Do you want your birds be be trhu the molt before the Races start?
Do you pull the 9th & 10th flight?
OR do you just fly Pigeons--not Race?
Maybe you should "JUST" do nothing.


----------



## newtopidgeons (Mar 11, 2011)

You know I want to race and Im pretty shure Raftree does too.
Dont we want them to be through the molt before races start.
I dont pull any flights but im still learning.


----------



## sky tx (Mar 1, 2005)

Maybe its best IF you don't listen to my posts.
I only stayed in the top 10% most races.
1,000 birds and my bird 100th=10%
My best year was young birds several years ago.
6 club Firsts and one Combine win flying with the Dallas combine.
Raceing is a 24/7 hobby--and you have to try everthing you hear until you learn what works.--and HOPE you made LOTs of notes.
SO--if you don't use the Light system or pull flights --don't expect to win any races.
But then Again---Just My Opinion


----------



## RodSD (Oct 24, 2008)

People either want to delay the molt or accelerate the molt so the birds will have full feathers during a race.


----------



## sky tx (Mar 1, 2005)

Yes RodSD
A lot depends on when your young Birds races are.
Ours start around Sept 1 .
So you have to plan accordly.


----------



## mikel (Jun 9, 2011)

we do force molt here in the philippines specially the 8-10th flights,but it always depend on the age of the yb and the numbers of flights it have already drops,and raftree im sure you would want to race on a new set of flight rather than old flights,i would go for advance moulting or force molt the last 3 flights rather than delaying the moult


----------



## soymi69 (Nov 12, 2007)

I just pull the 9th and 10th, our race also start September, if you don't pull the 9th and 10th you better off waiting for the old bird season.


----------



## Kastle Loft (May 7, 2008)

soymi69 said:


> I just pull the 9th and 10th, our race also start September, if you don't pull the 9th and 10th you better off waiting for the old bird season.

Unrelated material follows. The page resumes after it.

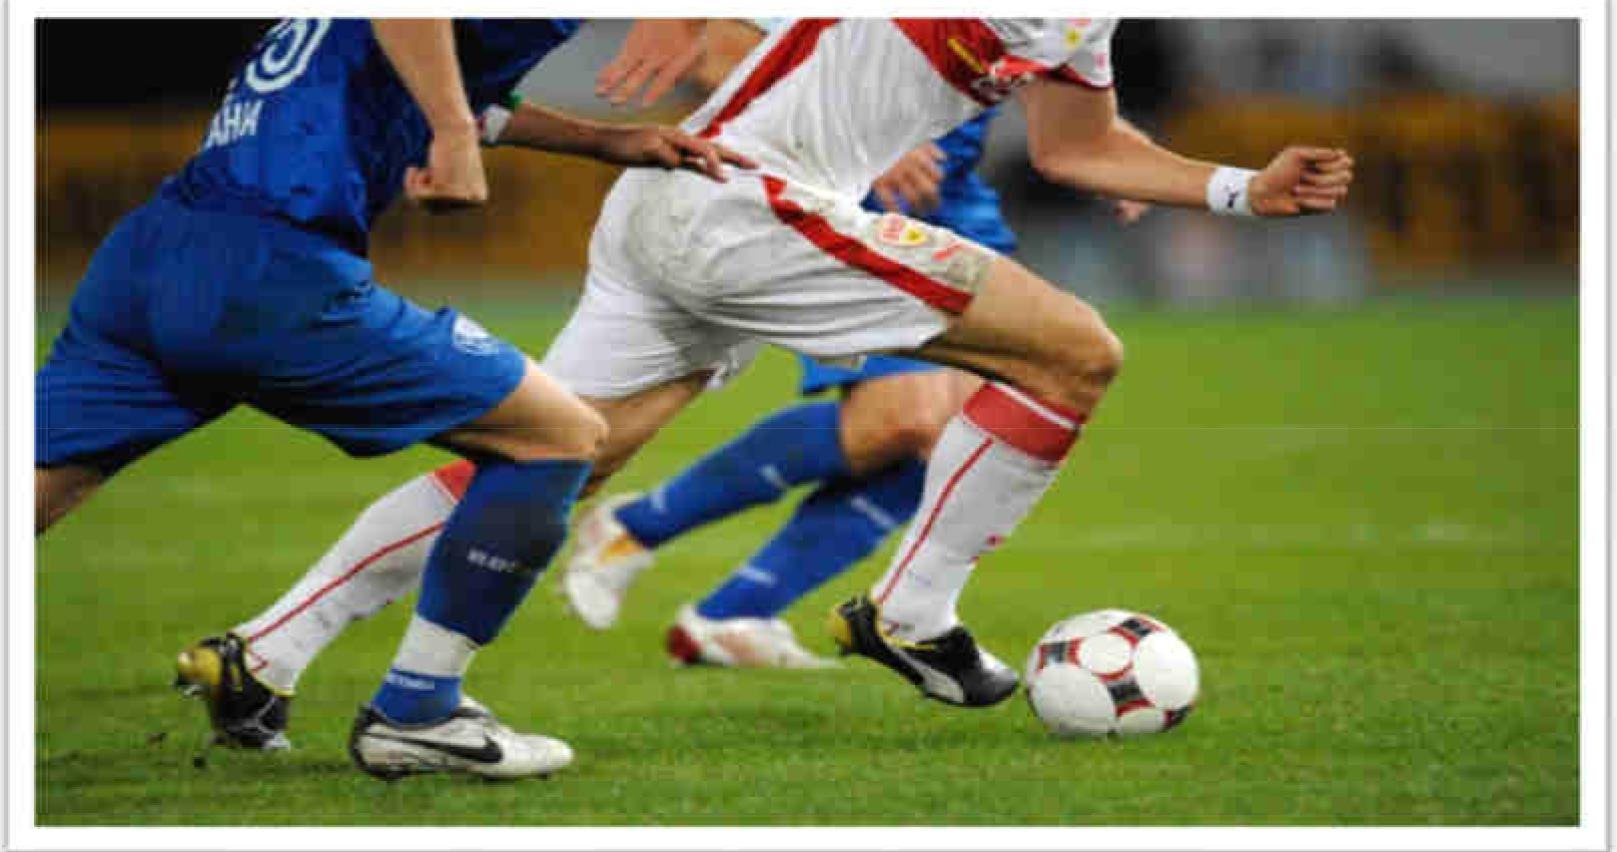 Iscrizioni campionati provinciali per la stagione 2018-2019
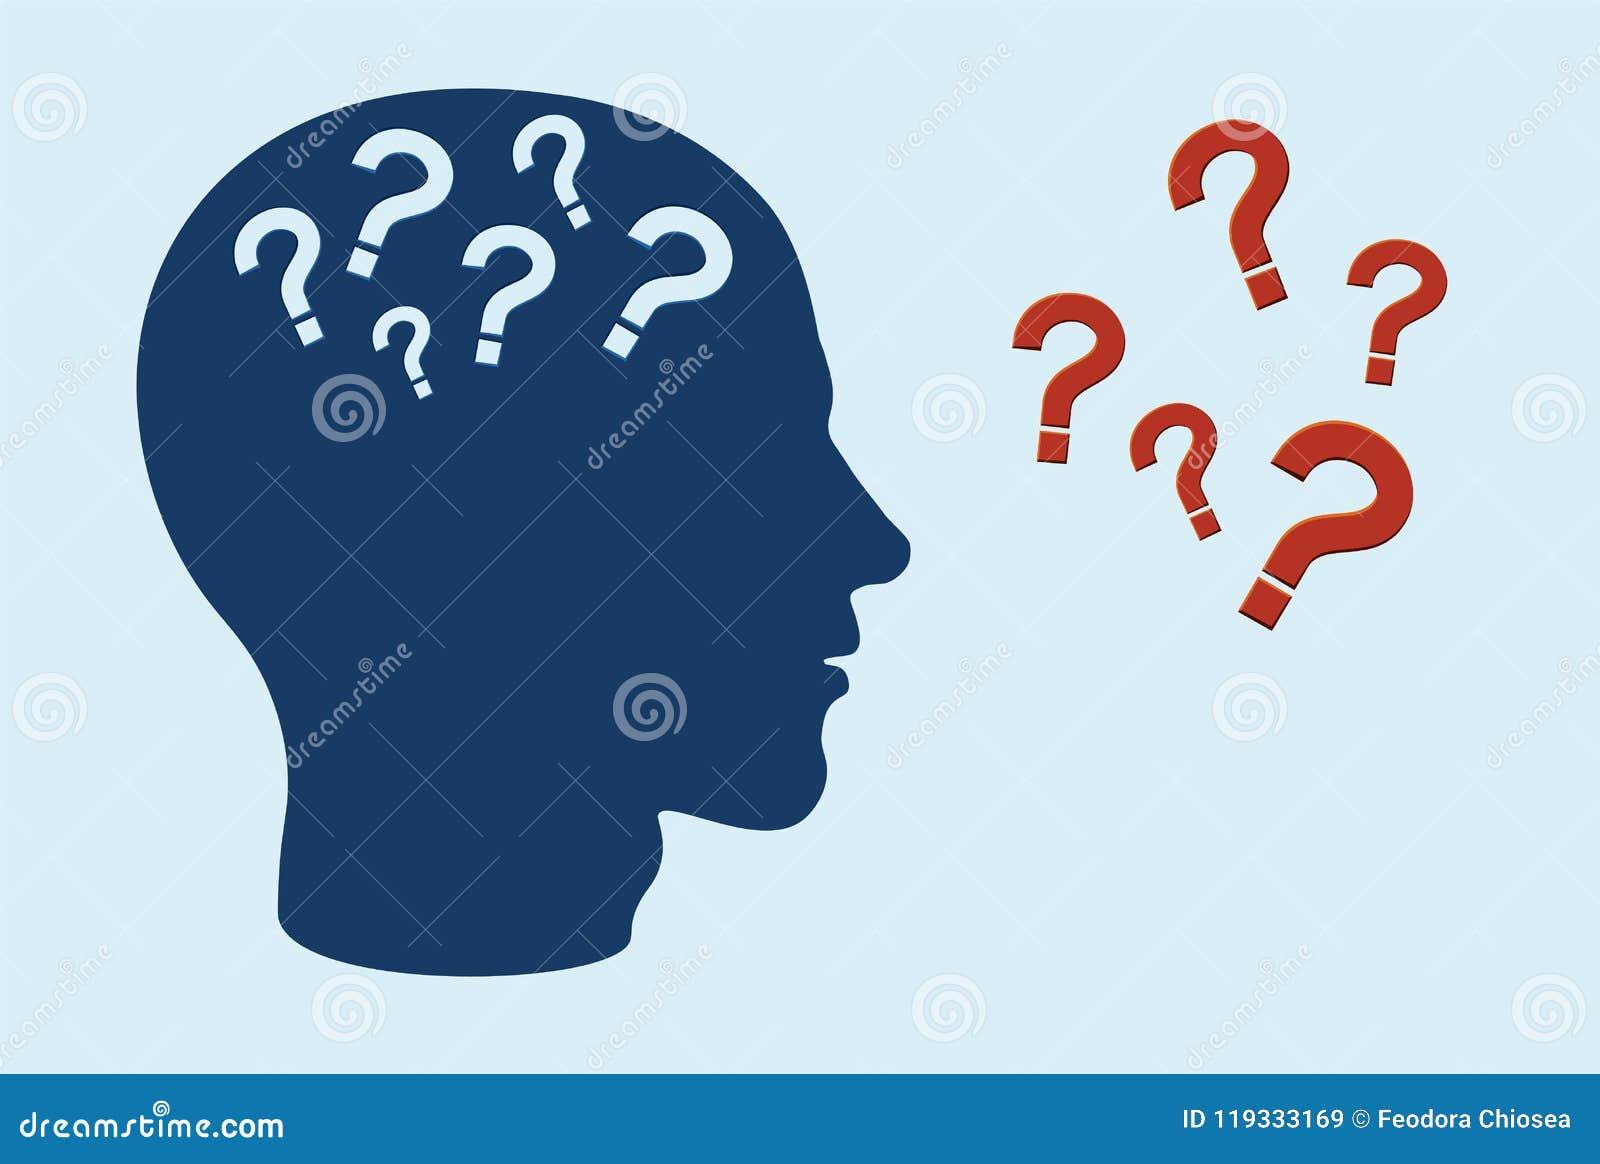 Poznawczy funkci nadszarpnięcia pojęcie Boczny profil ludzka głowa z znakami zapytania

Do you loft fly and/or train the birds while the flights are cut?


----------



## newtopidgeons (Mar 11, 2011)

sky tx said:


> Maybe its best IF you don't listen to my posts.
> I only stayed in the top 10% most races.
> 1,000 birds and my bird 100th=10%
> My best year was young birds several years ago.
> ...


Well this is my first season learning. I cant afford to try every thing I hear just to find out it didnt work. Im not pulling any flights out of my birds because I dont know how to and dont know anyone to come show me how to, I pulled flights out of some of my droppers and some got skinny I cant do that to my racing birds.
I was told it is to late to be leaving the lights on, the days are the longest now naturally. The light system is only making the day longer right? And dark system makes dar longer?
I dont expect to win any time soon but I plan to win one day, so I guess Im not actually (selling "myself" short) but what about my pigeons?


----------



## mikel (Jun 9, 2011)

Kastle Loft said:


> Do you loft fly and/or train the birds while the flights are cut?


they cant fly high


----------



## koukoukou (May 12, 2011)

I'd rather not have any systems ran this late in the season, it's to0 late. Just fly natural and pick which birds have better feathering when you ship per race. When you think of using any kinds of system think about it before the birds are even born would be the best bet. Goodluck


----------



## mikel (Jun 9, 2011)

koukoukou said:


> I'd rather not have any systems ran this late in the season, it's to0 late. Just fly natural and pick which birds have better feathering when you ship per race. When you think of using any kinds of system think about it before the birds are even born would be the best bet. Goodluck


yes it would be late,it take a month to fully grow a flight,so better tthink in advance,we regularly see the flights that drops on our yb so we could estimate if it is going to drop midway on the race


----------